§ What you are asked to do
Every line below from the one containing "Untitled Revealed, 2014, gelatin" through the one containing "Yellow Alligator Wallet" is to be printed exactly, with the pictures omitted.

§ The records
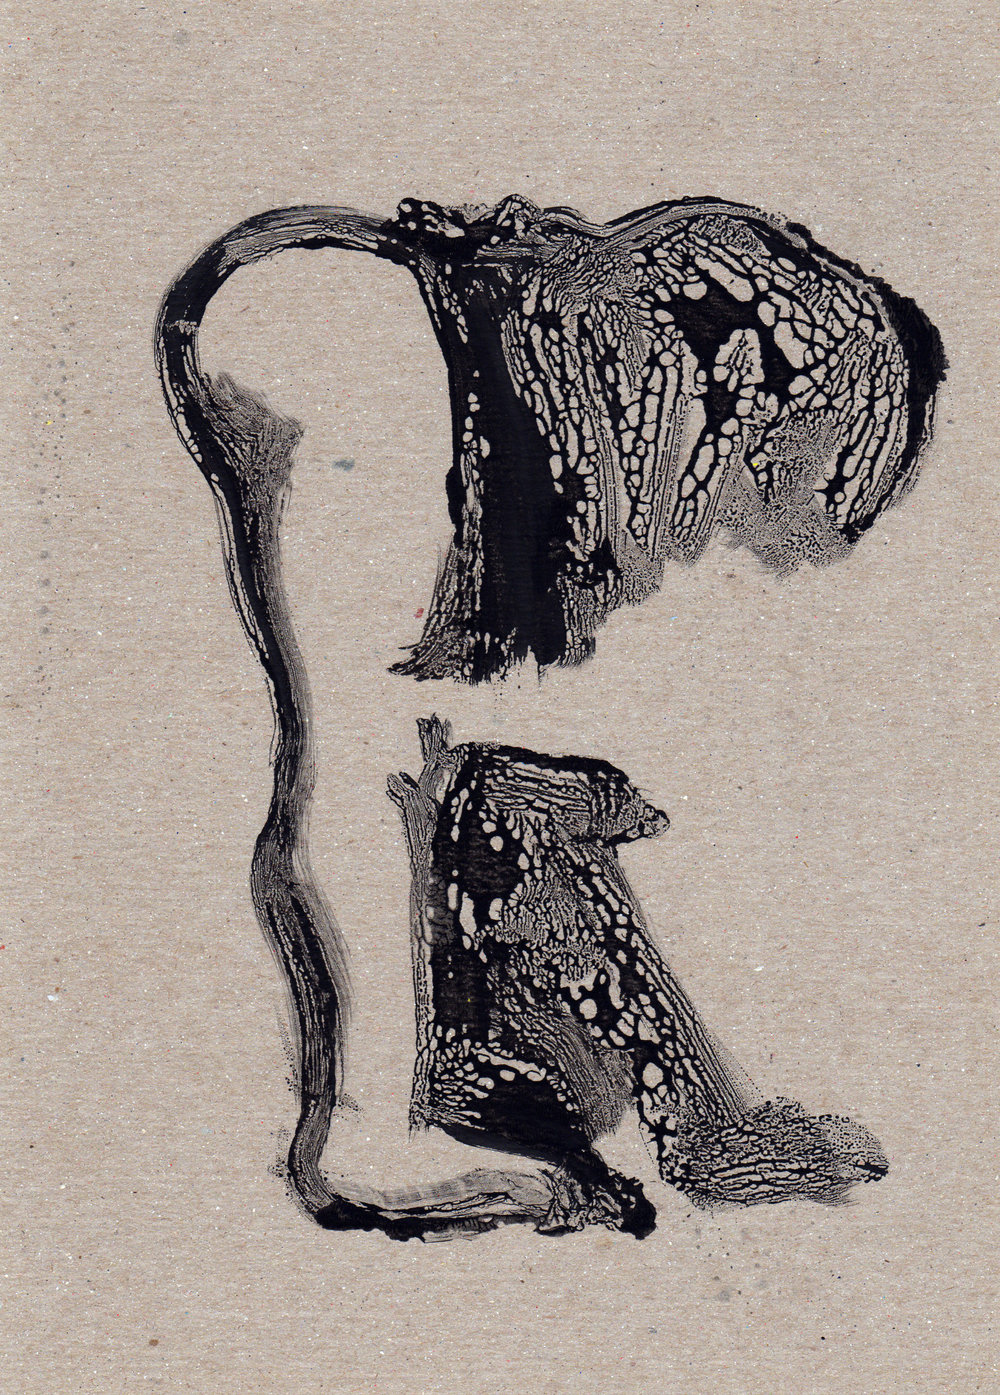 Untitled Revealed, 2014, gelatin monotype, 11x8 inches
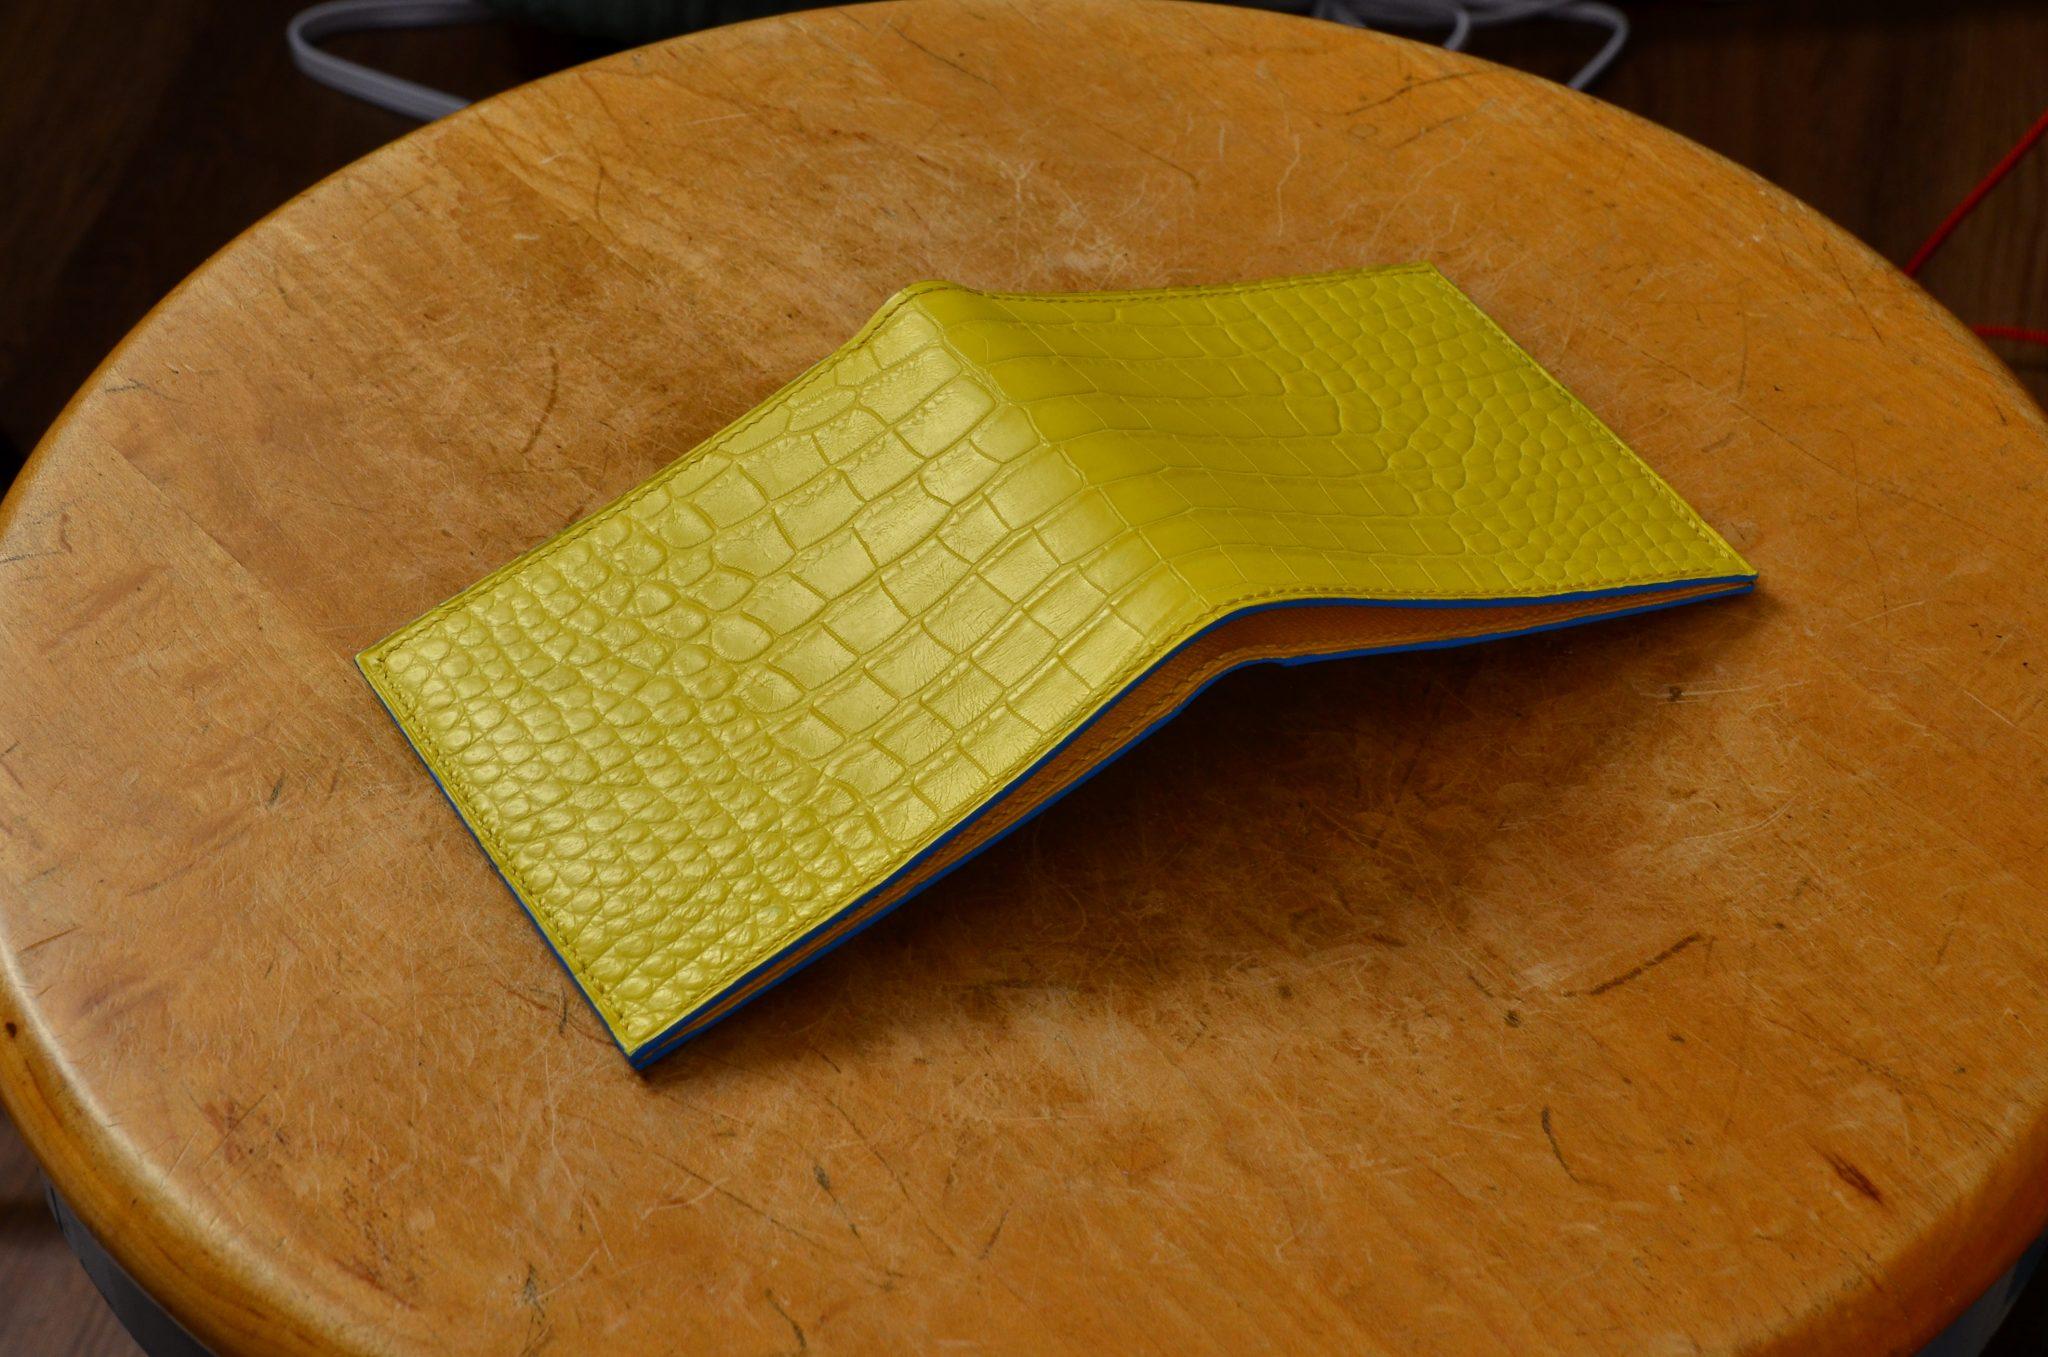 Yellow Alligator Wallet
==
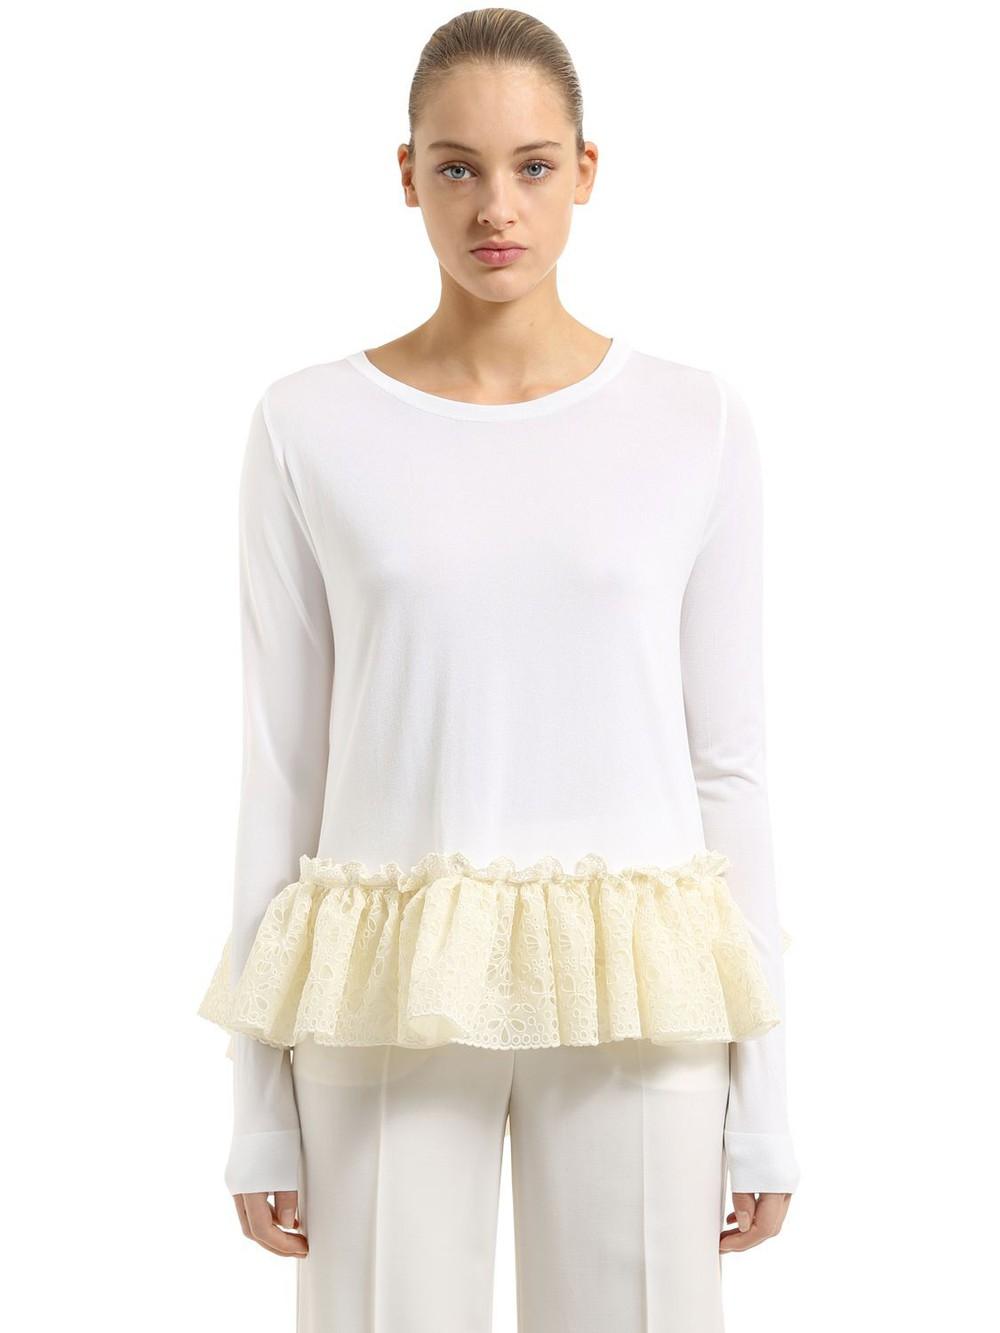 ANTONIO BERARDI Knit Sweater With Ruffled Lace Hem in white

§ Response area
 Untitled Revealed, 2014, gelatin monotype, 11x8 inches
 Yellow Alligator Wallet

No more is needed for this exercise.